Em 1885 acentuava-se a debilidade do seu estado e no ano seguinte, pelo começo de Março, iria adoecer gravemente dos pulmões. A medicina (Sousa Martins) deu-o por perdido. O recurso a uma mudança de ares, primeiro em Linda-a-Pastora e depois em Caneças (no Lugar d' Além), apenas lhe deu algumas esperanças de cura, mas, por fim, nem a «química» nem o «estímulo [...] da sua vontade» puderam nada contra o avanço da doença. Ainda voltou a Lisboa, em Junho (não à «parte mercantil», mas ao subúrbio, instalando-se na casa de um amigo da família, ao Paço do Lumiar). Tinha, porém, a vida por um fio e morreu um mês depois. Na semana seguinte, Silva Pinto fazia saber pela imprensa o seu propósito de tomar para si «a honra e a responsabilidade» de ser «o editor do [...] querido poeta», «satisfazendo [assim] nobilíssimos desejos de amigos e admiradores de Cesário Verde» e ao mesmo tempo executando, afinal, um projecto seu, concebido (dizia) «dias antes da morte do poeta».

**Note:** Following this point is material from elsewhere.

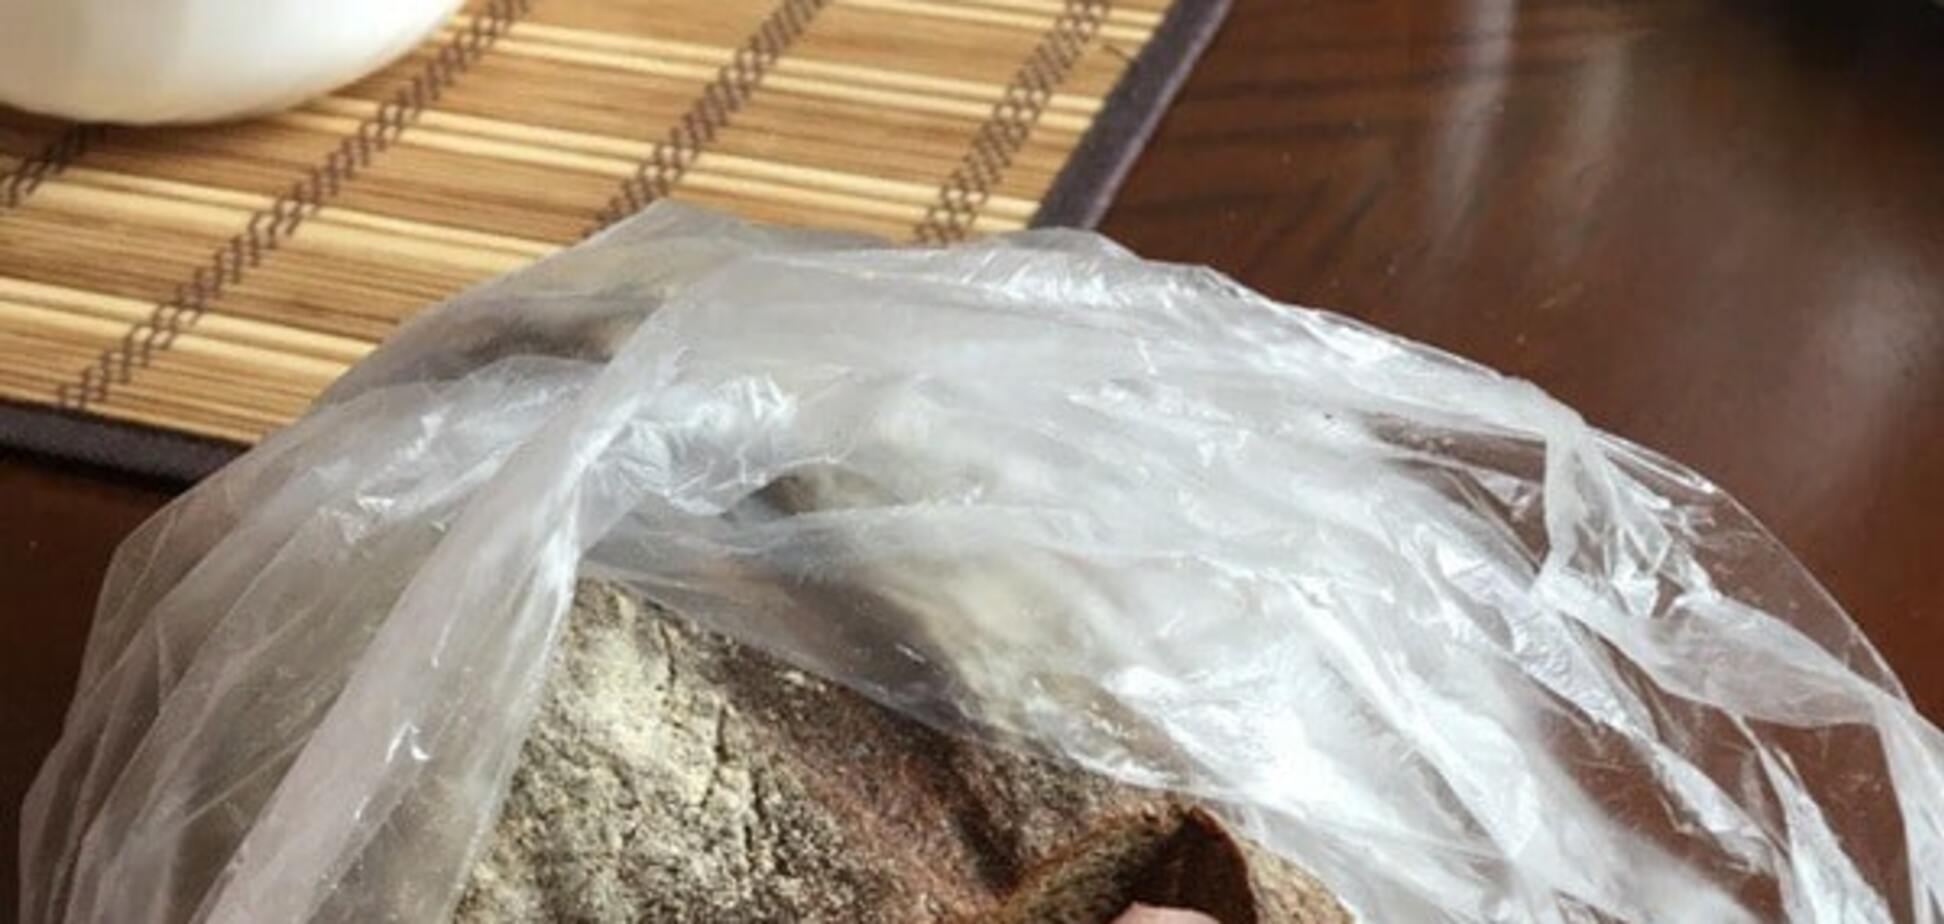 Хлеб по-крымски: в Севастополе в буханке нашли резиновую перчатку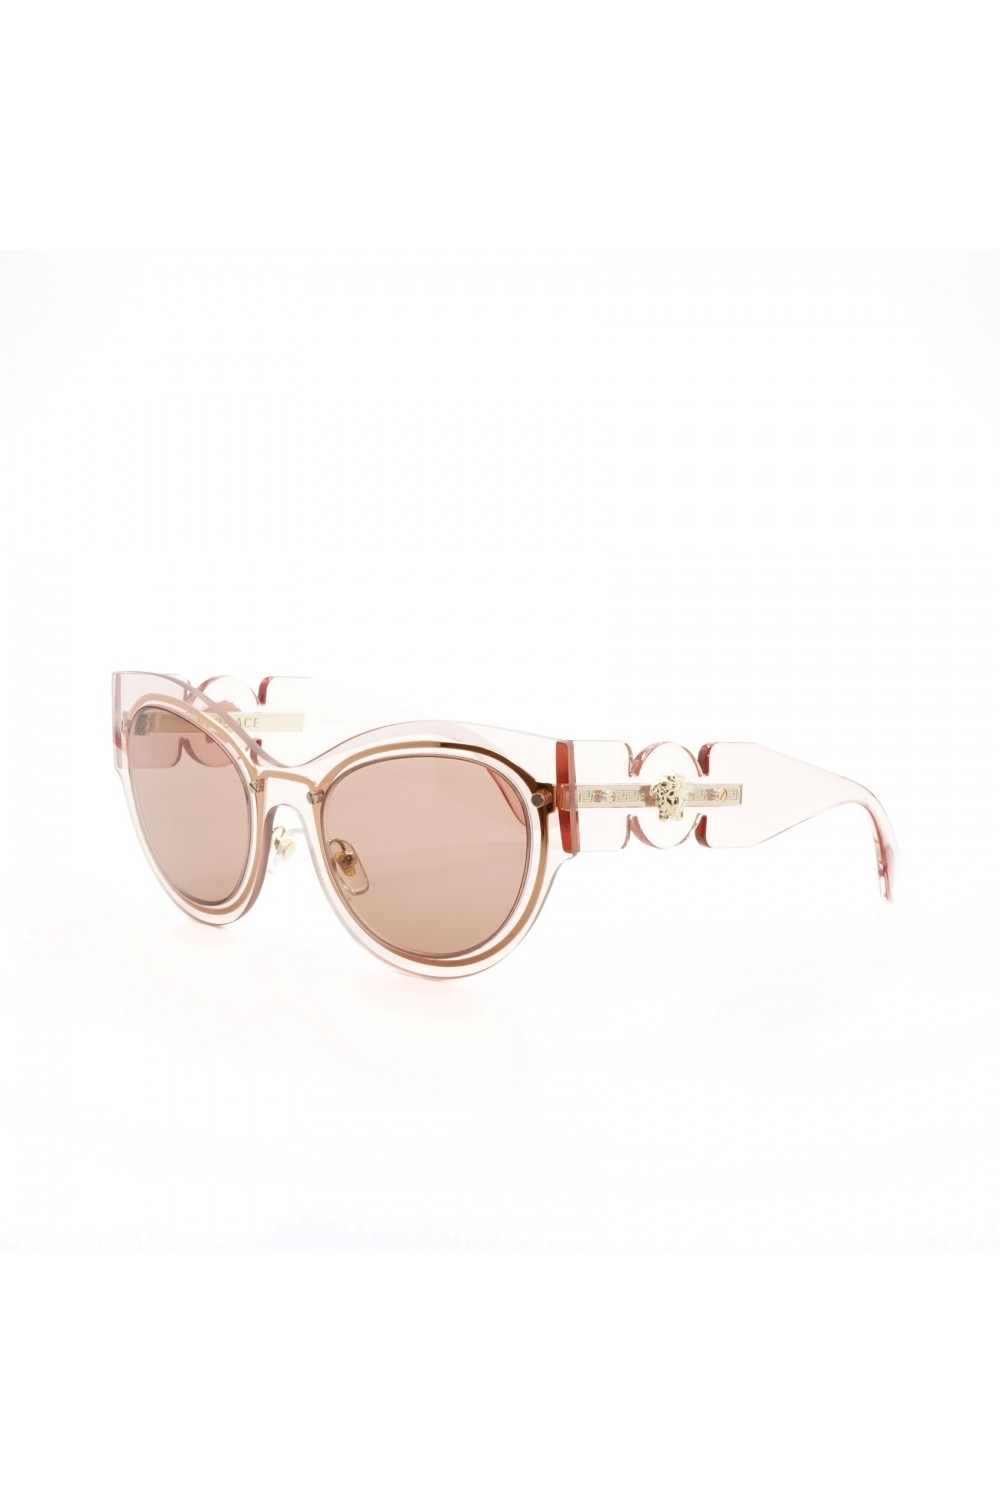 Versace - Occhiali da sole in plastica cat eye per donna rosa - 2234 1252/73

Um mês depois já tinha, «sobre a banca de trabalho, todos os poemas que [entrariam] no Livro de Cesário Verde» e em Abril do ano seguinte fazia sair do prelo, impresso pela Elzeviriana, de Lisboa, e «publicado por [e a expensas] de Silva Pinto», O Livro com aquele título (de Cesário Verde), contendo 22 poesias e um retrato do poeta feito em Paris, de memória, por Columbano, uma dedicatória a Jorge Verde («o querido irmão do poeta»), um prefácio assinado «Silva Pinto» e notas finais (estas e a dedicatória também de Silva Pinto). Não era «a edição completa dos Versos de Cesário Verde», como – por lapso, ou porque teria sido essa, ao princípio, a intenção do editor – chegara a ser noticiado (ver Ilustração, Setembro de 1886).

Com efeito, Silva Pinto omitira as primeiras poesias do amigo (todas as de 1873), consideradas por ele mesmo (Cesário) «muito inferiore», e ainda «outros versos» (alguns citados pelos títulos em nota final) igualmente «condenados pelo autor». Isto vinha explícito no fim do volume, mas nem tudo ficava claro quanto à organização de O Livro e às discrepâncias que se verificavam no texto (principalmente das poesias mais antigas) em relação às versões dadas a lume anteriormente, em vida do poeta.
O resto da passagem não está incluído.